◆ Exercise ◆
The listing has to be given again in full and exactly.

◆ Supplied information ◆
BEGIN

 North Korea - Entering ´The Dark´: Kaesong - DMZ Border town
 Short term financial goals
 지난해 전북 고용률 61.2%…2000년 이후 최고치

END

◆ Solved problem ◆
 North Korea - Entering ´The Dark´: Kaesong - DMZ Border town
 Short term financial goals
 지난해 전북 고용률 61.2%…2000년 이후 최고치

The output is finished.